Hit Ctrl-C and you get a sorted tally per command name. The @[key] = count() pattern is the heart of bpftrace — it builds a map and prints it on exit.

New processes as they spawn, which is gold for catching a runaway cron job or a fork bomb in the making:

sudo bpftrace -e 'tracepoint:syscalls:sys_enter_execve { printf("%s -> %s\n", comm, str(args->filename)); }'

Histograms beat averages every time

Averages lie. A p50 disk latency of 2ms with a p99 of 900ms is a very different system than a flat 20ms, but the average hides it. bpftrace gives you distributions cheaply.

This traces block I/O latency and prints a log2 histogram:

sudo bpftrace -e '
kprobe:blk_account_io_start { @start[arg0] = nsecs; }
kprobe:blk_account_io_done /@start[arg0]/ {
    @usecs = hist((nsecs - @start[arg0]) / 1000);
    delete(@start[arg0]);
}'

When you stop it, you see exactly where your latency lives — a tidy histogram bucketed by microseconds. The first time you watch a “fast” disk reveal a fat tail above 100ms, you understand why this tool matters.

Tracing a specific function’s latency

Say a service feels slow and you suspect a particular userspace function. You can attach a uprobe to the binary and time entry-to-return:

sudo bpftrace -e '
uprobe:/usr/bin/myapp:process_request { @t[tid] = nsecs; }
uretprobe:/usr/bin/myapp:process_request /@t[tid]/ {
    @ns = hist(nsecs - @t[tid]); delete(@t[tid]);
}'

No recompile, no restart, no debugger pause. You attach, watch a few seconds of real traffic, and detach.

Where AI fits into the workflow

bpftrace syntax is terse and the probe names are a memorization problem — there are thousands of them and they shift between kernel versions. This is precisely the kind of thing I hand to a model. I describe the symptom in plain English (“count TCP retransmits per remote IP”, “show me which process is calling fsync most often”) and ask for a bpftrace one-liner, then I read it before running it.
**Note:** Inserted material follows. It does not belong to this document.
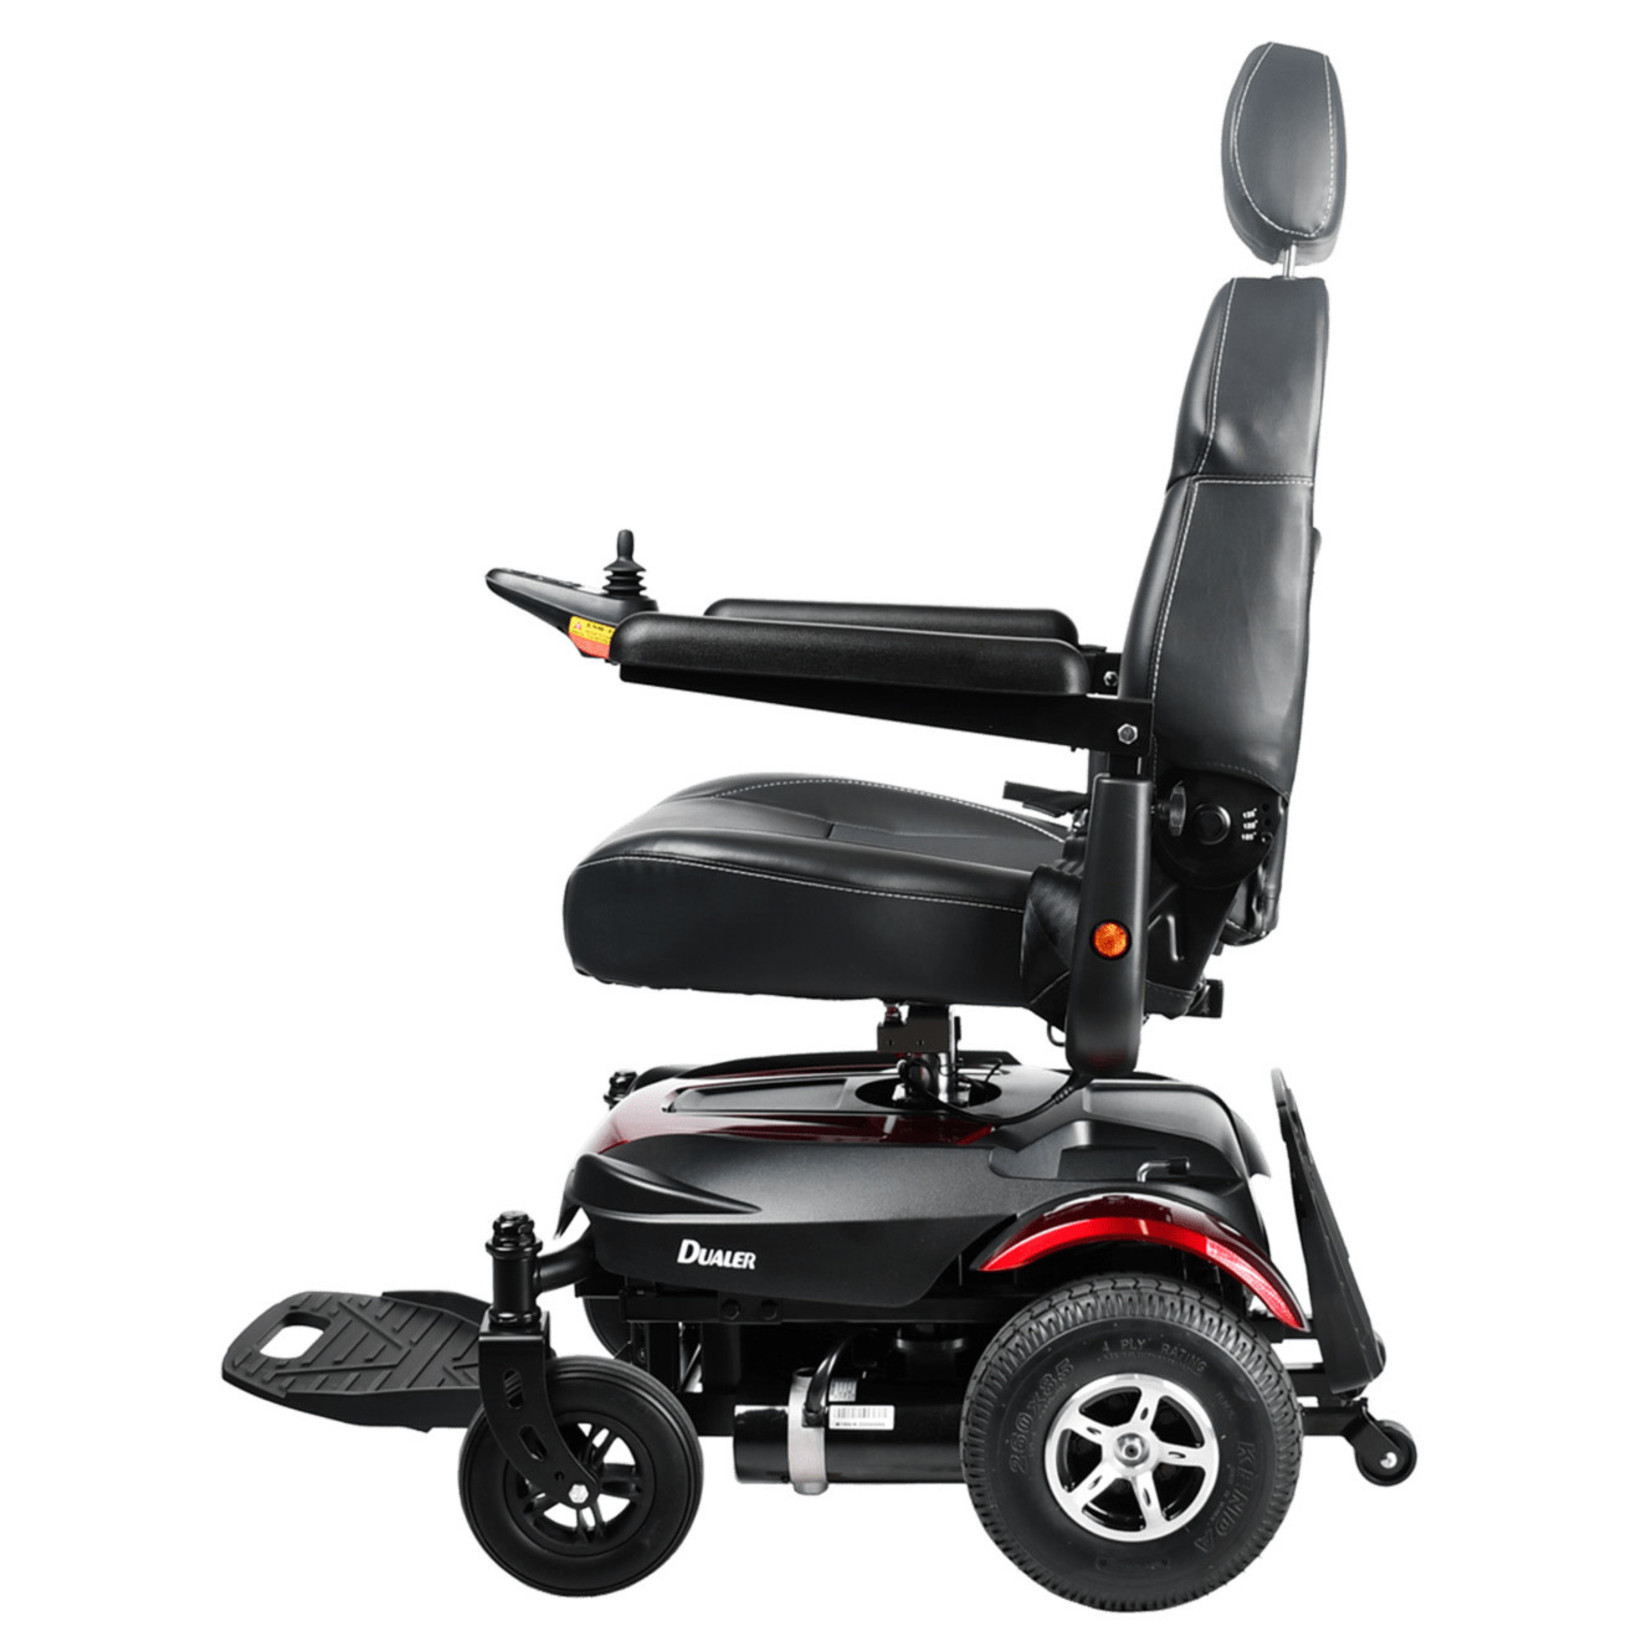 Gel Supreme Wheelchair Seat Cushion, 18 inch x 16 inch x 3 inch-1 Each

The read-before-run discipline matters here too: a bad kprobe won’t usually hurt you because the verifier rejects unsafe programs, but a wrong probe name just wastes time. Keep a few AI prompts tuned for translating symptoms into probes, and you skip the man-page archaeology.
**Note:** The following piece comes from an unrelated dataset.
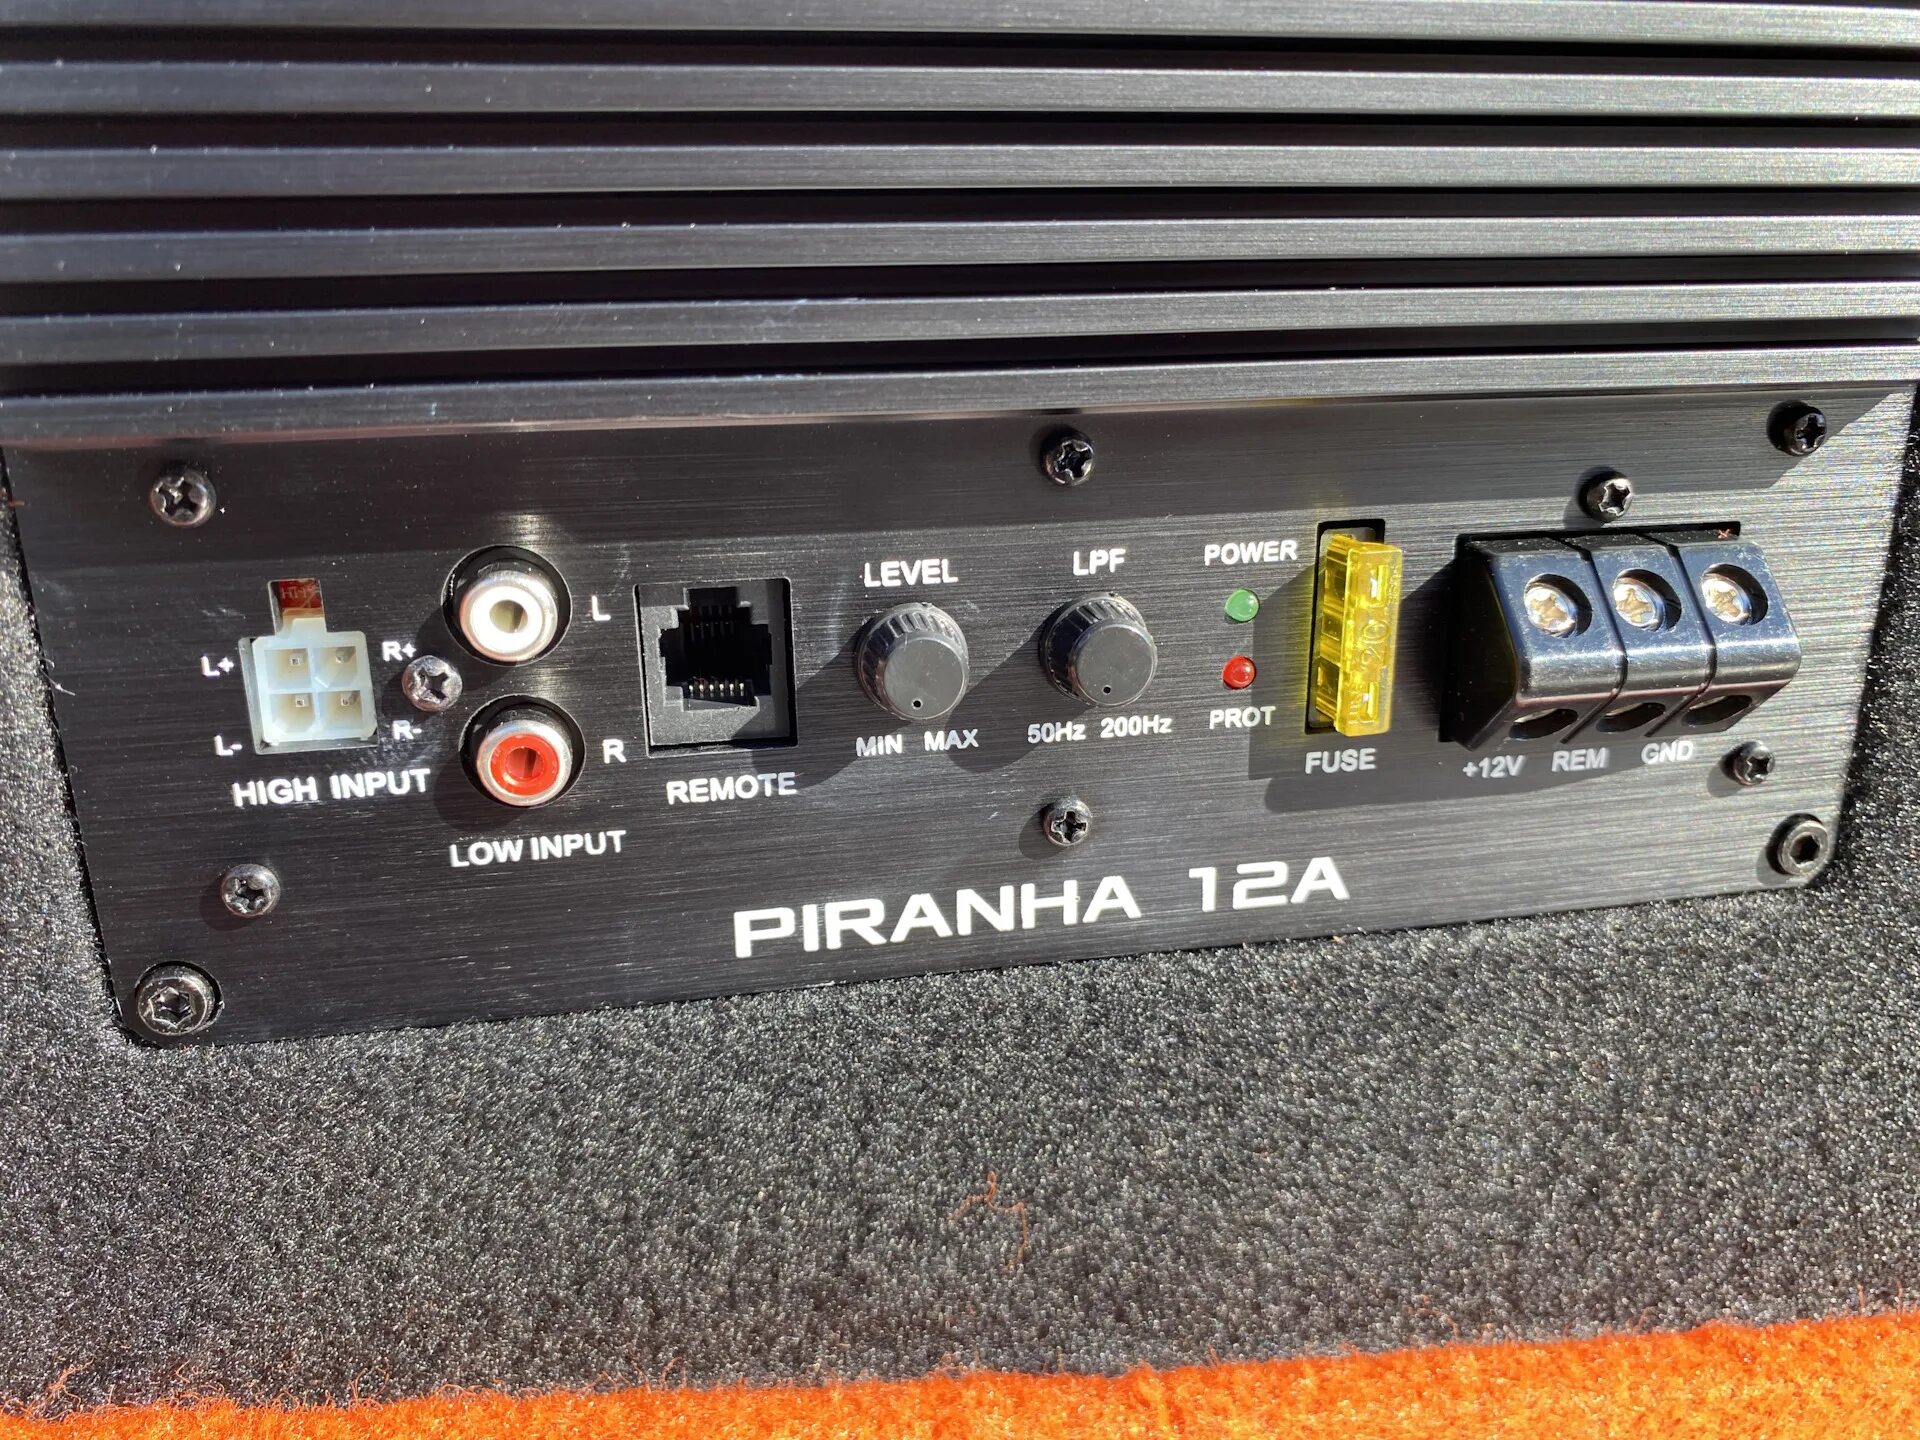 DL Audio Barracuda 12a. DL Audio Barracuda 12a Flat. Сабвуфер DL Audio Piranha 12a. Сабвуфер DL Audio Piranha 12a Flat. Dl barracuda 8 flat

Safety notes from production use

The verifier is your friend, not a formality. If bpftrace refuses to load a program, it’s protecting the kernel. Don’t go hunting for ways around it.
High-frequency probes still cost something. Tracing every sys_enter on a 96-core box under load adds measurable overhead. Scope your probes — filter by comm or PID — and detach when you have your answer.
kprobe targets are not a stable ABI. A one-liner that works on 5.15 may need a different function name on 6.8. Prefer tracepoints when one exists; they’re the stable interface.
You need root or CAP_BPF. Treat that access like any other privileged capability.

Why this belongs in your toolkit

The shift eBPF represents is simple: you stop guessing and start measuring, on the live system, at the moment the problem is happening. No staging repro, no “let me add some logging and redeploy.” You ask the kernel a question and it answers.
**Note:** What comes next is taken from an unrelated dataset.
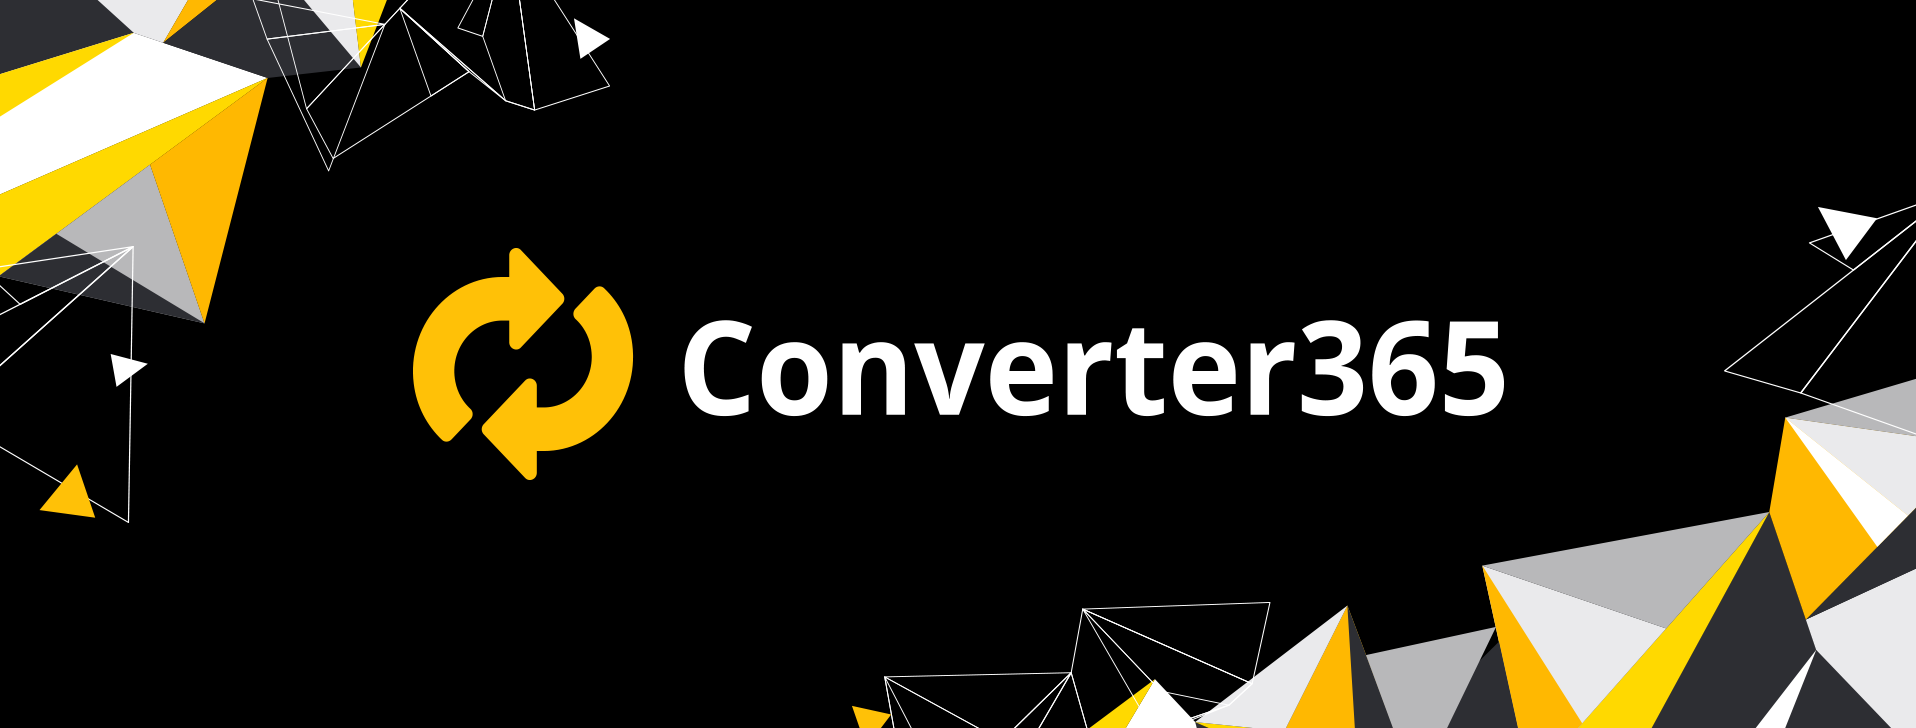 Meet one-year-old Converter365 - the best free online converter

Start with the count-by-comm and the I/O histogram above — those two alone will change how you debug. Once you trust the tool, it becomes the first thing you reach for instead of the last. For more low-level Linux debugging workflows, see the rest of the AI for Linux Admins guides.

Trace programs run in the kernel. Test one-liners on a non-critical host before pointing them at production, and verify probe names against your running kernel.